Sans la foi, on est condamné à échouer
Le prêtre Banor ouvre le portillon qui donne accès au carré central et ouvre la marche. Sylvestre se lance rapidement. Une grande fourche surmontée de citrons galets à la main, il traverse les braises. En toute humilité. Presque au ralenti. Tout le monde est unanime : pour une première marche sur le feu, Sylvestre a été exemplaire. Il n’a pas couru face à la chaleur. Bien au contraire.

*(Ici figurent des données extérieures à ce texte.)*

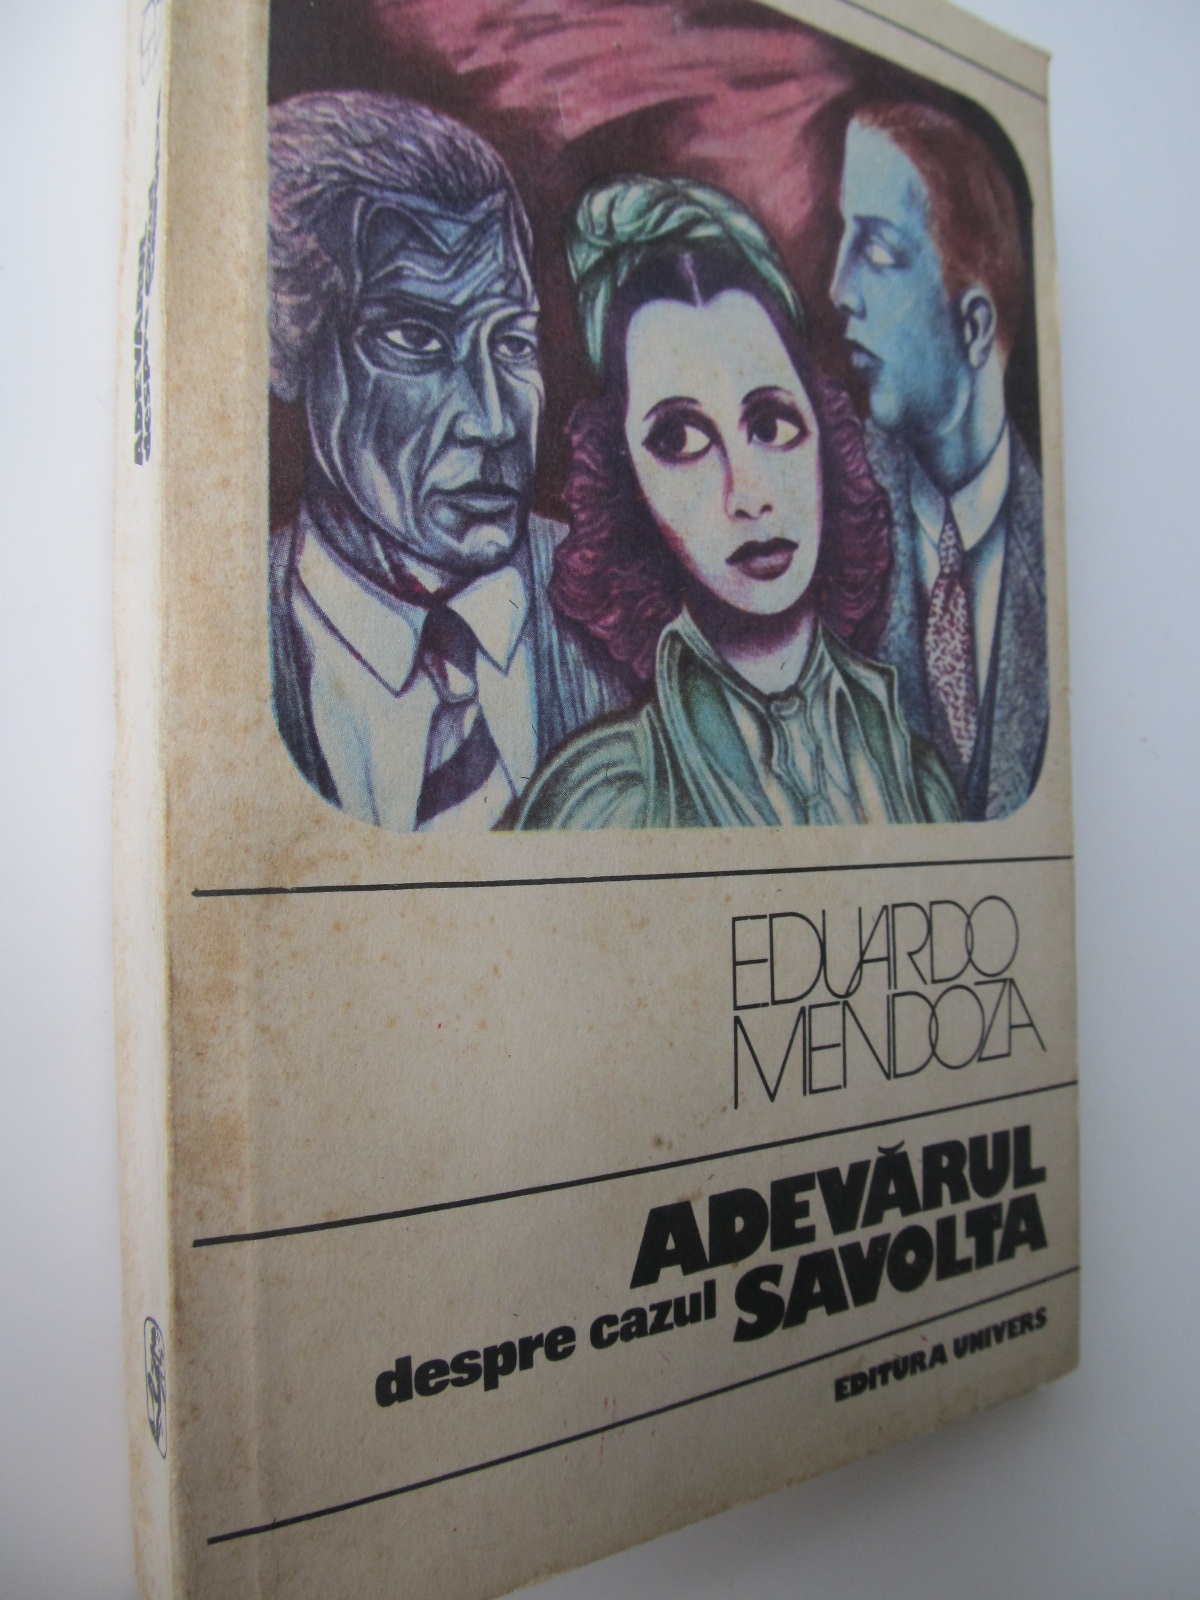 Carte Adevarul despre cazul Savolta - Eduardo Mendoza

Dans la ferveur la plus totale, ses pas étaient lourds, son regard droit vers l’horizon, comme perdu dans une “autre dimension”, image-t-il. Il foulera le feu à 5 longues reprises. Tout le monde se succède et c’est la délivrance. Les cris de joie et les congratulations fusent de toute part. Sylvestre, lui, retrouve instinctivement son sourire dans les bras de ses frères. Il est fier. “Tout s’est passé à merveille. Je n’ai senti qu’une infime chaleur sous les pieds. Ils ne souffrent d’aucune brûlure”, fanfaronne-t-il en exhibant la plante de ses pieds. Ses deux fils le félicitent.

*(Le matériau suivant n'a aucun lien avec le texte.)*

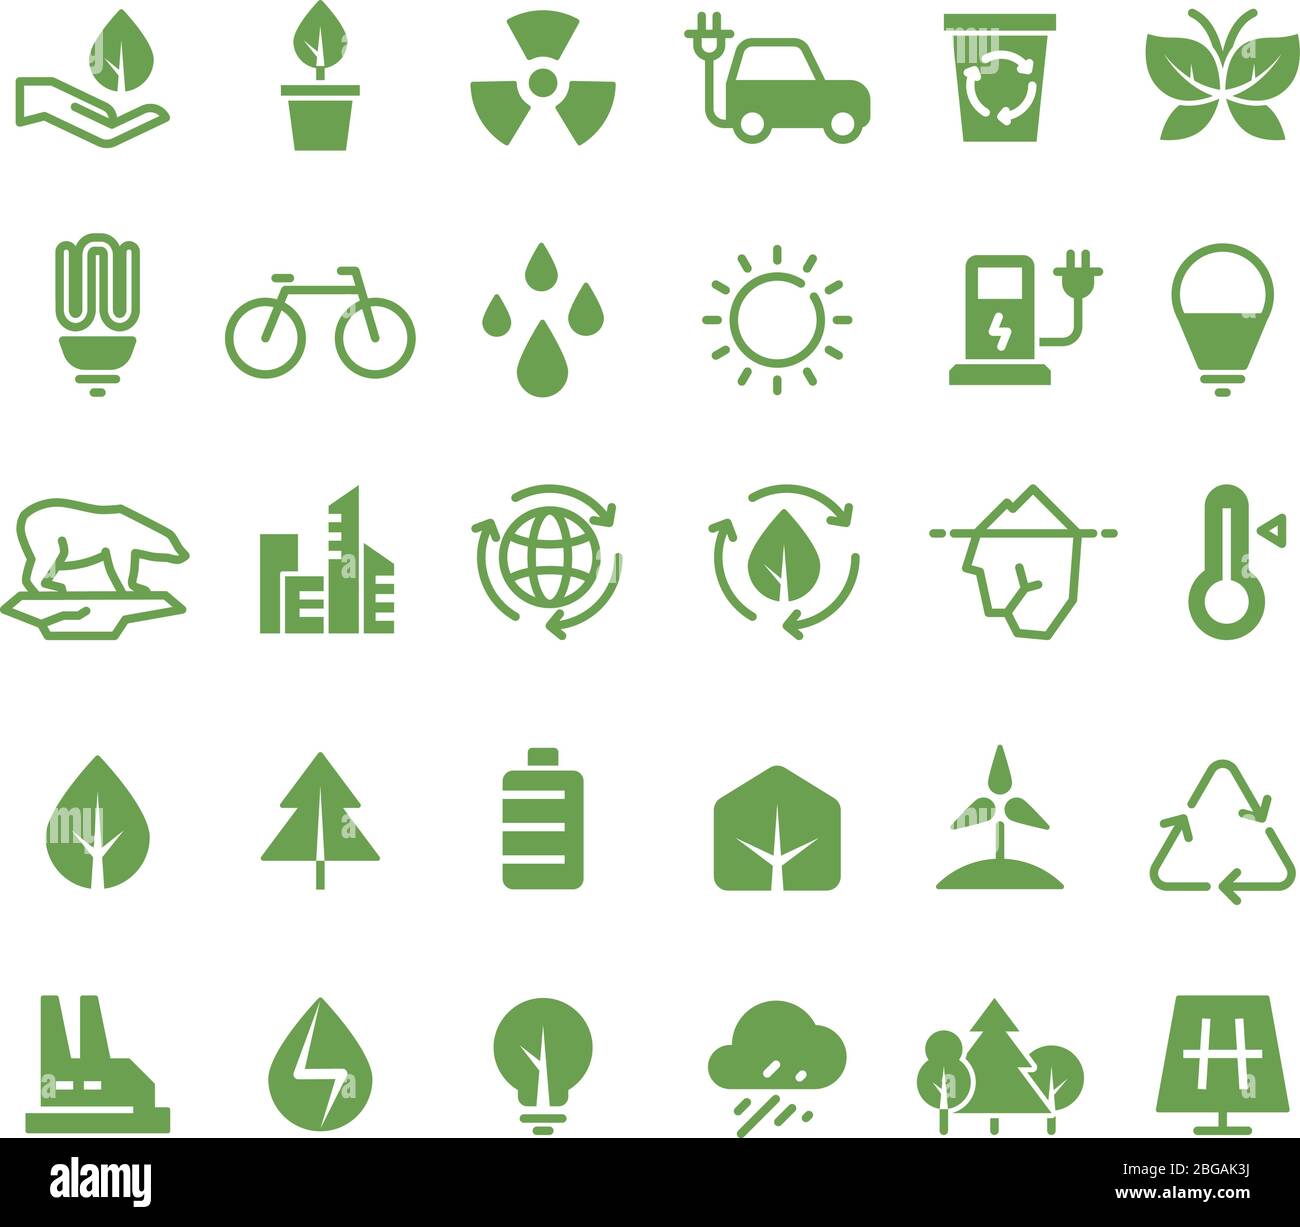 Icone verdi dei vettori ecologici. Pittogrammi sull'ambiente pulito, sul processo di riciclaggio e sulle energie rinnovabili. Energia verde, ecologia e ambiente Illustrazione Vettoriale

L’émotion est palpable. Pour parachever la cérémonie, un cabri est décapité en face du mausolée des ancêtres pour assurer le bonheur de ceux qui ont bravé la chaleur et les cloques. La bête sera cuisinée et partagée le lendemain. Pour le plus grand bonheur de Sylvestre, marcheur sur le feu émérite et carnivore de son état. “Je vais enfin pouvoir manger de la viande. Je vais rattraper le retard que j’ai accumulé pendant les 18 jours de carême. Et si j’abuse, je ferai un régime. Mais de mon propre chef cette fois...”
Le feu sous le déluge
Dans ce cas-là, il faut protéger le feu à tout prix. Le brasier a été alimenté avec d’énormes bûches de bois sec. Jusqu’au dernier moment, elles n’ont pas été bougées. Car en dessous de ces rondins imposants, dans la fosse profonde d’une vingtaine de centimètres, des flammes couvent. Au dernier moment, des fidèles enlèvent les morceaux qui n’ont pas brûlé. Ils éparpillent les cendres et les braises rouges. Enfin, tout est égalisé pour que le brasier soit partout le même. A ce moment pas question de traîner. Une fois éparpillées, les braises se refroidissent vite.